US 12,353,357 B2
	Systems and methods for formatting and reconstructing raw data
Raphael Glon, Guilers (FR); and Gaetan Cottereau, Kersaint-Plabennec (FR)
Assigned to OVH, Roubaix (FR)
Filed by OVH, Roubaix (FR)
Filed on May 5, 2021, as Appl. No. 17/308,159.
Claims priority of application No. 20315273 (EP), filed on May 28, 2020.
Prior Publication US 2021/0374102 A1, Dec. 2, 2021
Int. Cl. G06F 16/17 (2019.01); G06F 16/11 (2019.01)

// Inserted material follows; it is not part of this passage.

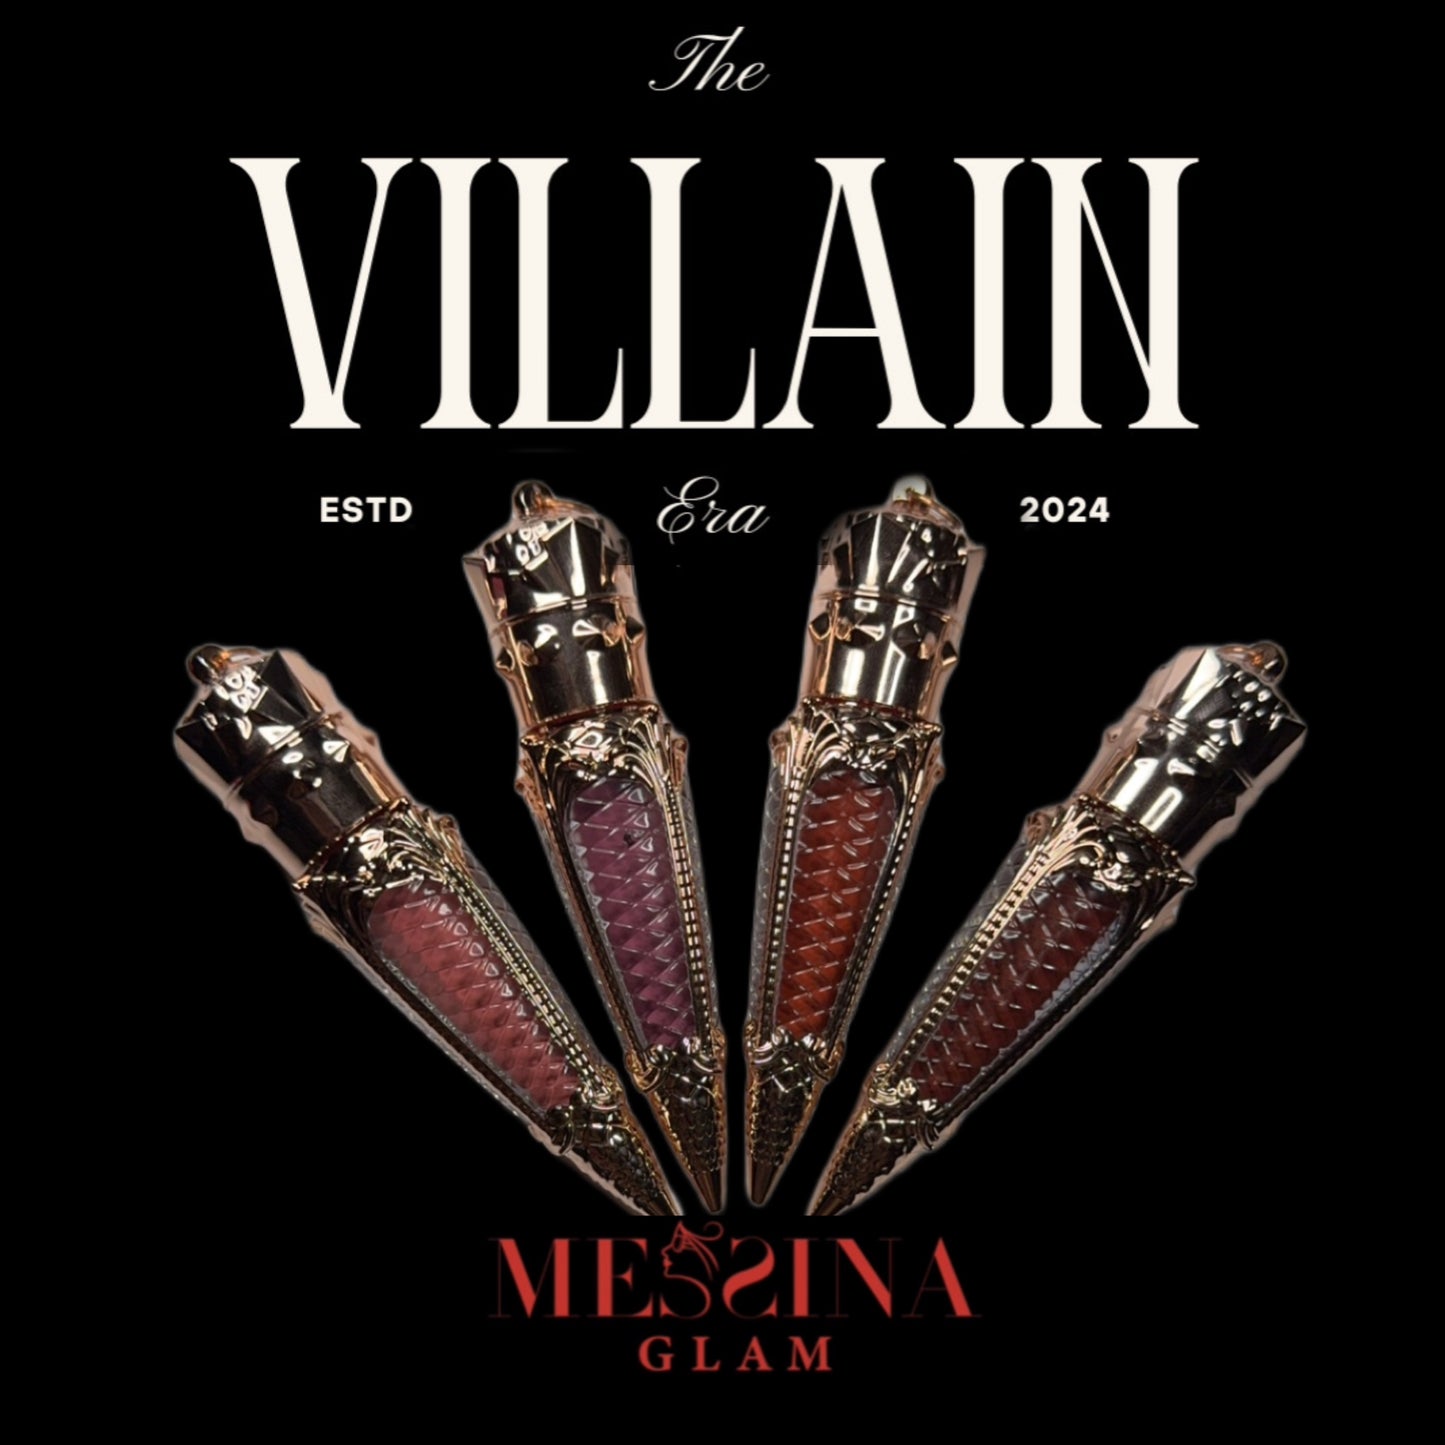 The Villain Era Lipgloss - AVAILABLE AUGUST 30th

CPC G06F 16/1727 (2019.01) [G06F 16/122 (2019.01)]

12 Claims

1. A method of formatting raw data, comprising:

accessing the raw data from a storage location on a first data storage device, the raw data containing sparse data segments and non-sparse data segments, the sparse data segments being empty of any data and the non-sparse data segments containing data;

reading the accessed raw data to locate the sparse data segments and the non-sparse data segments;

generating a formatted data stream comprising one or more formatted atomic blocks based on the read raw data, the one or more formatted atomic blocks having a maximum block size defined by a size of a destination device memory and associated with a metadata file, each one of the one or more formatted atomic blocks configured with a format that includes a field indicating a data size of the non-sparse data segments of the raw data, a field containing at least a portion of the non-sparse data segments, and a field containing the metadata file identifying specific beginning and end locations, in which the formatting of the one or more atomic blocks comprises:

when one of the atomic blocks does not exceed the maximum block size:

populate the metadata file of the one of the atomic blocks with offsets identifying a beginning of each of the located sparse data segments and an end of each of the located sparse data segments; and

populate the one of the atomic blocks with a concatenation of at least a portion of a first non-sparse segment of the raw data located before the sparse segment with at least a portion of a second non-sparse data segment of the raw data located after the sparse data segment; and

when one of the atomic blocks exceeds the maximum size:

populate the metadata file of another one of the atomic blocks with offsets indicative of the beginning of the located sparse data segment and the end of the located sparse data segment; and

populate the other one of the atomic blocks with a concatenation of the at least a portion of the first non-sparse data segment of the raw data located before the sparse data segment with the at least a portion of the second non-sparse data segment of the raw data located after the sparse data segment; and

reconstructing the raw data on a second data storage device from the formatted data stream, the second data storage device being distinct from the first data storage device, the reconstructing being based on the metadata file, the reconstructing comprising:

browsing the metadata file; and

iteratively reconstructing the raw data by writing a corresponding data content for each non-sparse data segment identified by the metadata file and executing a command to define a segment of zeros for each sparse data segment identified by the metadata file, wherein the segment of zeros comprises multiple zeros,

wherein one atomic block is streamed from the first data storage device to the second data storage device while the generating of the formatted data stream and the iterative reconstructing of the raw data are being executed in parallel.